Import data to Amazon AWS SageMaker from S3 or EC2-CodePudding

For an AI project I want to train a model over a dataset which is about 300 GB. I want to use the AWS SageMaker framework.

In SageMaker documentation, they write that SageMaker can import data from AWS S3 bucket. Since the dataset is huge, I zipped it (to several zip files) and uploaded it to a S3 bucket. It took several hours. However, in order to use it I need to unzip the dataset. There are several options:

Unzip directly in S3. This might be impossible to do. See refs below.
Upload the uncompressed data directly, I tried it but it takes too much time and stopped in the middle, uploading only 9% of the data.
Uploading the data to a AWS EC2 machine and unzip it there. But can I import the data to SageMaker from EC2?
Many solutions offer a Python script that downloading the data from S3, unzipping it locally (on the desktop) and then streaming it back to the S3 bucket (see references below). Since I have the original files I can simply upload them to S3, but this takes too long (see 2).

Added in Edit: I am now trying to upload the uncompressed data using AWS CLI V2.

References:

CodePudding user response：

The main strategy most commonly used, and also least expensive (since space has its own cost * GB), is not to use the space of the EC2 instance used for the training job but rather to take advantage of the high transfer rate from bucket to instance memory.

This is on the basis that the bucket resides in the same region as the EC2 instance.
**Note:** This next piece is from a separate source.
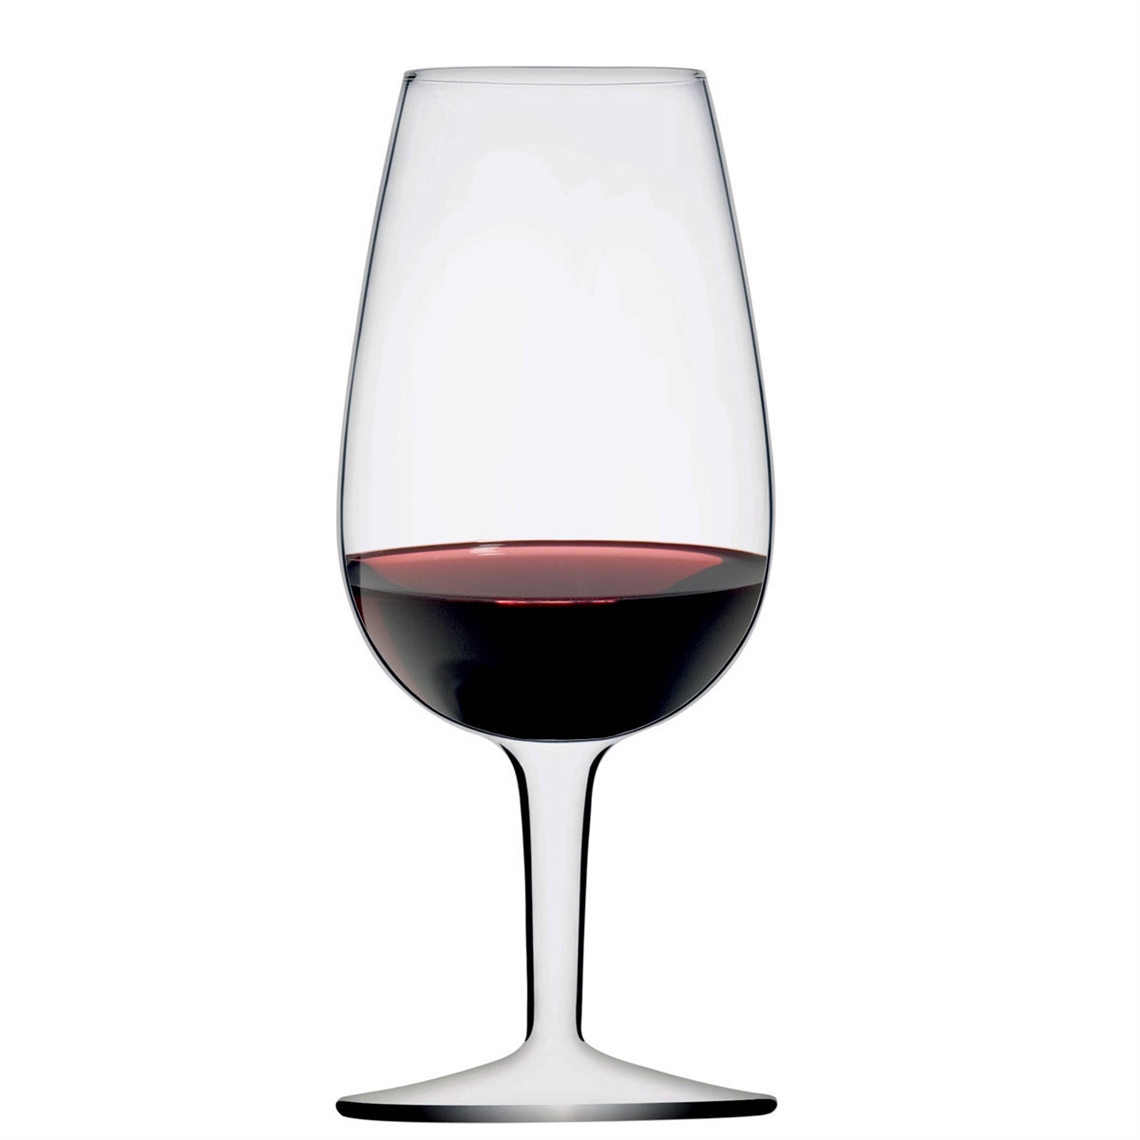 View more wine glasses from our Wine Tasting Glasses range

Otherwise you have to increase the transmission performance, for a fee of course.

You can implement all the strategies for reading files in parallel in your script or reads by chunks, but my advice is to use automated frameworks such as dask/pyspark/pyarrow (in case you need to read dataframes) or review the nature of the storage of these zippers if it can be transformed into a more facilitative form (e.g., a csv transformed into parquet.gzip). If the nature of the data is different (e.g., images or other), an appropriate lazy data-loading strategy must be identified.

For example, for your zipper problem, you can easily get the list of your files from an S3 folder and read them sequentially.

CodePudding user response：

You already have the data in S3 zipped. What's left is:

Provision a SageMaker notebook instance, or an EC2 instance with enough EBS storage (say 800GB)
Login to the notebook instance, open a shell, copy the data from S3 to local disk.
Unzip the data.
Copy unzip data back to S3.
terminate the instance and the EBS to avoid extra cost.

This should be fast (no less than 250MB/sec) as both the instance has high bandwidth to S3 within the same AWS Region.

Assuming you refer to Training, when talking about using the dataset in SageMaker, read this guide on different storage options for large datasets.